That's minimally group_by, but the true power of group_by is unveiled only when it is coupled with mutate and summarise functions.

Mutate function adds a new column based on the given expression while summarise function summarises the dataset based on the given function and let us see the difference in action with the following example.

Let us get the average age of all survivors (and non-survivors): so this must be group_by -ed based on Survived while summarised by Age so that we will get a summarised mean value.for two groups.

In [12]:
train %>% group_by(Survived) %>% summarise(mean(Age))

 #Remember we have got NAs, so mean() wouldn't work and to bypass NAs, na.rm = T must be passed. 

train %>% group_by(Survived) %>% summarise(average_age = mean(Age,na.rm=T))

Survived,mean(Age)
0,
1,


Survived,average_age
0,30.62618
1,28.34369


That's summarise() giving us the summary of the dataframe. If we need to create a new column, values filled for all 891 datapoints, that's where mutate plays its role. Let us create a new column, `Age_Bracket` containing value `Minor` if Age is less than 18 else `Major`

In [13]:
train %>% mutate(Age_Bracket = ifelse(Age < 18, 'Minor','Major')) %>% select(starts_with('Age'))

#In fact this can be coupled with Survivor list to see the impact of this Age_bracket

train %>% 
mutate(Age_Bracket = ifelse(Age < 18, 'Minor','Major')) %>% 
group_by(Survived,Age_Bracket) %>% 
summarise(pnt = (n()/nrow(train))*100)


Age,Age_Bracket
22,Major
38,Major
26,Major
35,Major
35,Major
,
54,Major
2,Minor
27,Major
14,Minor


Survived,Age_Bracket,pnt
0,Major,41.750842
0,Minor,5.836139
0,,14.029181
1,Major,25.701459
1,Minor,6.84624
1,,5.836139


That's how dplyr can get more powerful with group_by coupled with mutate or summarise for feautre engineering and for better data visualization. But this doesn't stop here, because one of the most important function a dataanalyst would require is sorting and that's what `arrange()` does.

## arrange - in ascending order:

In [14]:
train %>% arrange(Fare) %>% tail(22) #Extracting last 22 results after sorting the fare in asending order

Unnamed: 0,PassengerId,Survived,Pclass,Name,Sex,Age,SibSp,Parch,Ticket,Fare,Cabin,Embarked
870,319,1,1,"Wick, Miss. Mary Natalie",female,31.0,0,2,36928,164.8667,C7,S
871,857,1,1,"Wick, Mrs. George Dennick (Mary Hitchcock)",female,45.0,1,1,36928,164.8667,,S
872,690,1,1,"Madill, Miss. Georgette Alexandra",female,15.0,0,1,24160,211.3375,B5,S
873,731,1,1,"Allen, Miss. Elisabeth Walton",female,29.0,0,0,24160,211.3375,B5,S
874,780,1,1,"Robert, Mrs. Edward Scott (Elisabeth Walton McMillan)",female,43.0,0,1,24160,211.3375,B3,S
875,378,0,1,"Widener, Mr. Harry Elkins",male,27.0,0,2,113503,211.5,C82,C
876,528,0,1,"Farthing, Mr. John",male,,0,0,PC 17483,221.7792,C95,S
877,381,1,1,"Bidois, Miss.
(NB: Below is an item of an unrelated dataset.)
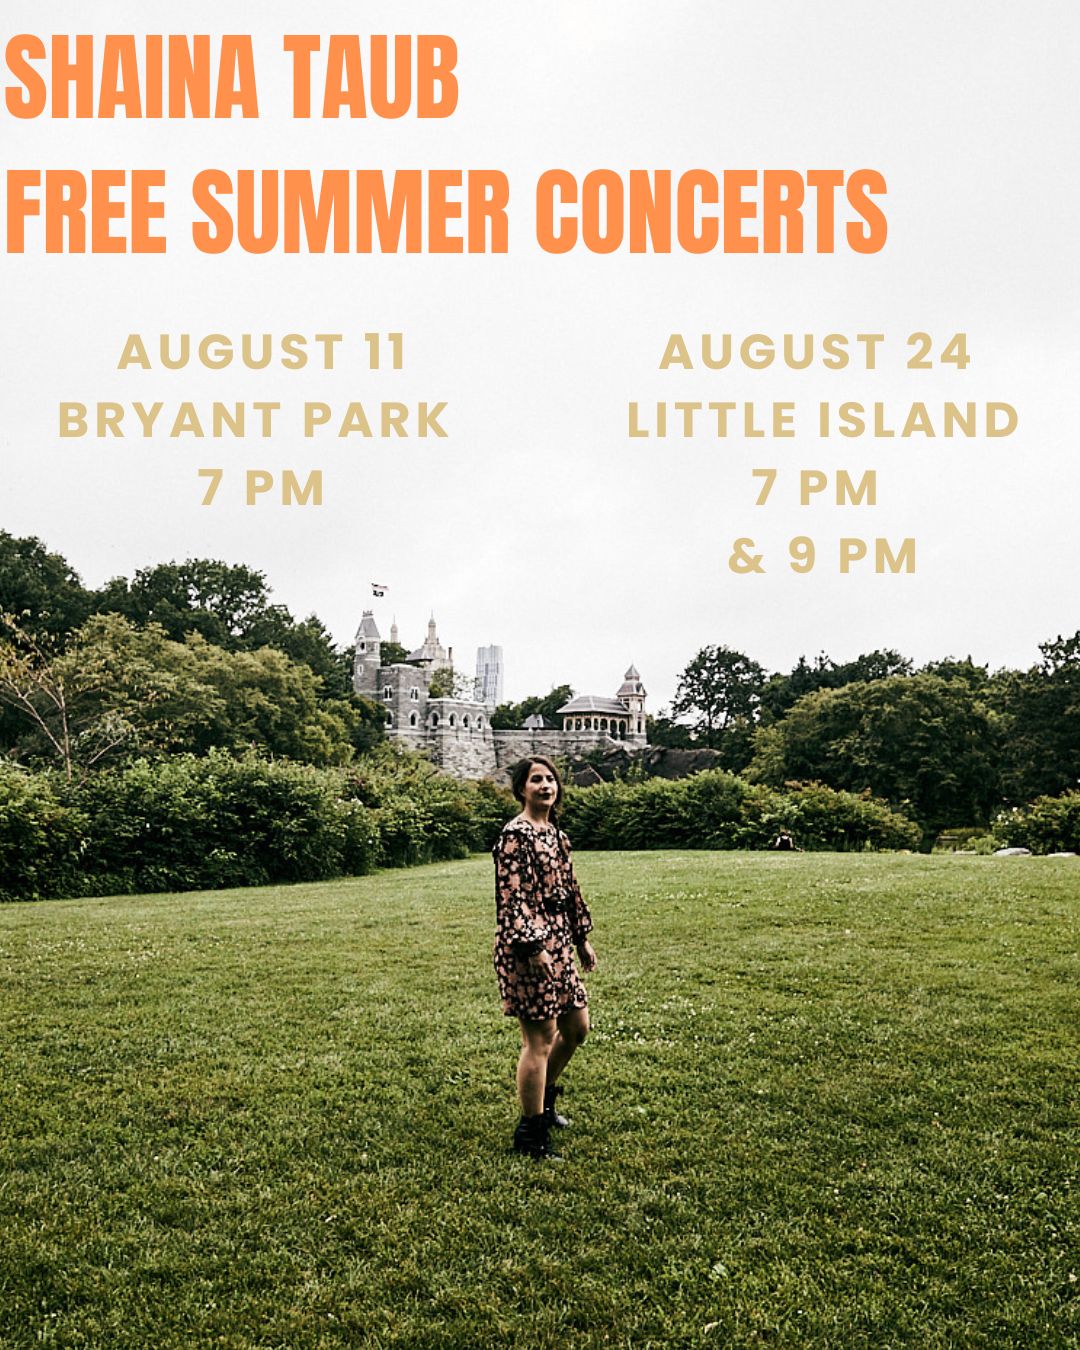 Shaina Taub Free Summer Concerts

Rosalie",female,42.0,0,0,PC 17757,227.525,,C
878,558,0,1,"Robbins, Mr. Victor",male,,0,0,PC 17757,227.525,,C
879,701,1,1,"Astor, Mrs. John Jacob (Madeleine Talmadge Force)",female,18.0,1,0,PC 17757,227.525,C62 C64,C


In [15]:
## Arrange in descending order

train %>% arrange(desc(Age)) %>% head(10)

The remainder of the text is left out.